骆景深问这句话的时候,心里也在打鼓。
  只因他在纪云棠的手里,吃了太多的亏。
  他怕这一次,对方也能成功从景阳帝的手里脱责。
  要是景阳帝都拿他们没办法,那自己拿他们就更没有办法了。
  可谁知,临川居然一脸欣喜的告诉他。
  “回禀太子殿下,属下亲眼所见,夜王和夜王妃已经被皇上派人抓了起来,他们现在已经被关到宗人府里面了。”
  骆景深:“……”
  骆景深:“!!!”
  惊喜来的太突然,他有些不可置信。
  他赶忙问道:“你说的这些,可是真的,他们两个真的被父皇抓起来了?”
  临川点点头说道:“千真万确啊太子殿下,这种事情属下怎么可能会跟你开玩笑?”
  “夜王爷和夜王妃被抓的时候,他们都没有反抗。”
  骆景深还是有些不可置信,他想过很多种可能,唯独没有想过纪云棠和骆君鹤会乖乖束手就擒,任由景阳帝派兵抓他们。
  在他看来,这两人就不会是束手待毙的主。
  他们没闹起来就是好的。
  临川看见骆景深脸上的表情,如何猜不透他的想法。
  他开口说道:“太子殿下,既然夜王殿下和夜王妃已经被抓了,那你也就能放宽心了。”
  这段时间,他没少看见骆景深为骆君鹤的事烦心。
  再加上兵符的丢失,导致骆景深这段时间,整个人消瘦了很多斤。
  临川看在眼里,没少劝说骆景深注意身体,奈何他一个侍卫人微言轻,对方又怎么可能会听他的?

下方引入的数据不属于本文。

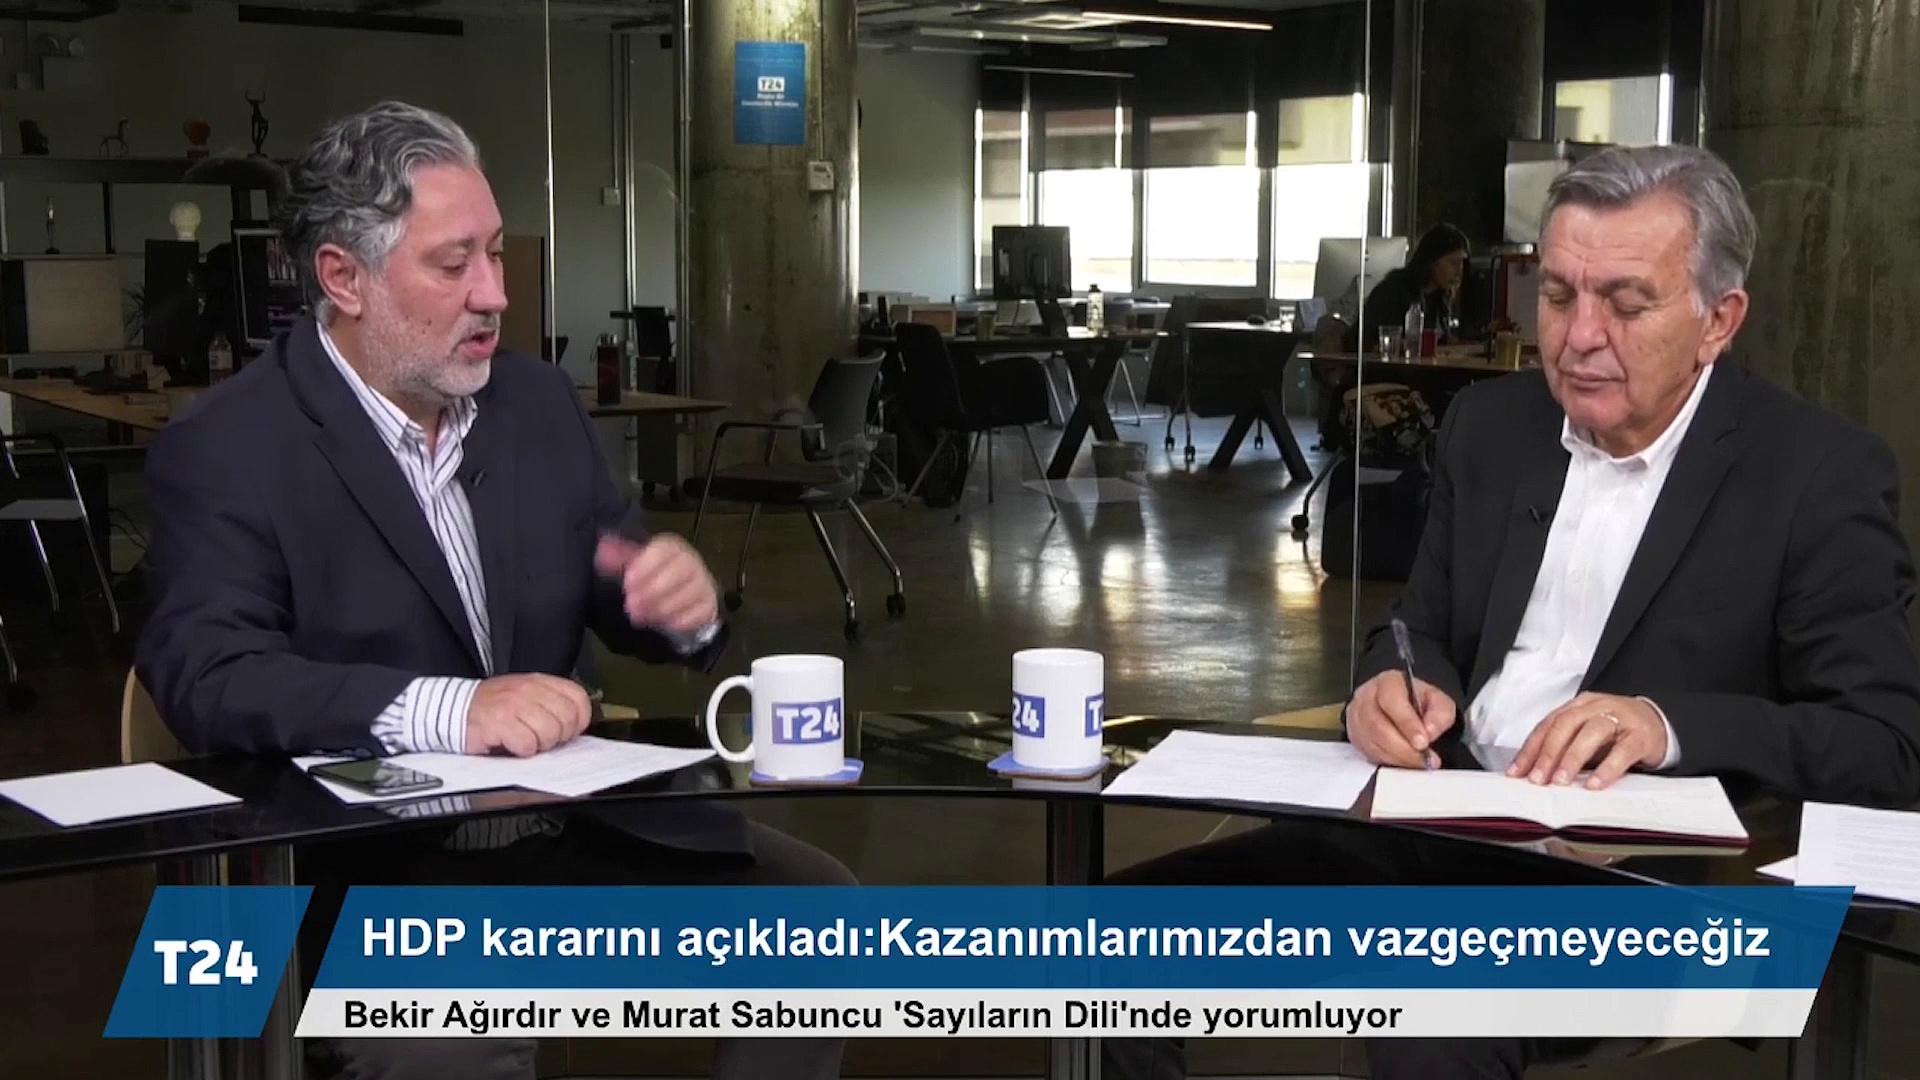 KONDA Genel Müdürü Ağırdır: HDP'nin 'demokratik siyasete devam kararı'na sahip çıkılmalı, Kürt meselesinin çözüm adresi Türkiye ve HDP'dir

  如今,夜王和夜王妃被抓,骆景深终于能放下心来了。
  他觉得,这是近三个月以来,自己听到最好的消息。
  想到这,他立马对临川说道:“去百香楼,孤要好好庆祝一番。”
  骆景深心情好了,走路都带着风。
  但他没有想到的是,自己刚刚走到百香楼的门口,从马车上下来,就碰到了一个不速之客。
  纪南川挡住了他的去路。
  他看见太子之后,赶忙跪在地上,恭敬的行礼,“下官参见太子殿下。”
  骆景深眉头皱起,开口问道:“侯爷怎么会在这里?”
  纪南川道:“下官来这里买一些点心,没想到会在这里碰到太子殿下,真是太巧了。”
第677章
臭味相投
  骆景深微拧的眉头皱的更深了。
  据他所知,永宁侯府已经到了穷困潦倒的地步。
  纪清风的突然出事,让原本困难重重的侯府更加雪上加霜。
  听闻他们连给纪清风买药的银子都拿不出来了,纪南川还有闲心来这里买点心?
  再者,爱吃点心的多为女子,永宁侯府里面除了纪箐箐和孟夫人以外,就没有女主人了。
  纪老夫人年纪大了,牙口不好,咬不动点心。
  而纪箐箐在刑部的牢房里,至今没有被放出来。
  总不可能是孟夫人想要吃点心,让纪南川来给买吧?
  即便如此,也轮不到他一个侯爷亲自来排队买吧?
  要知道,百香楼的点心,价位可都不低。
  直觉告诉骆景深,能让纪南川亲自来买点心的人,肯定不是永宁侯府的人。
  他心里寻思,难不成他放弃了纪南川之后,对方又找到了新的投靠对象?
  一种不可言说的情绪,在骆景深的脑子里翻涌。
  他说不出来是何种感觉,但的确有些不太高兴。
  半个月前,纪南川还处处蹲守,像个狗一样在巴结他。
  这才过了多久,他就有了新的巴结对象?
  联想到骆君鹤近些天来腿好了,骆景深的心里不由警铃大作。
  难不成,纪南川巴结的人是骆君鹤?
  而让他来买点心的人,是纪云棠?
  越是这么想,骆景深越觉得这个想法成立。
  以前骆君鹤腿没好的时候,他瘫在床上站不起来,夜王府的管家权只能交给纪云棠来打理。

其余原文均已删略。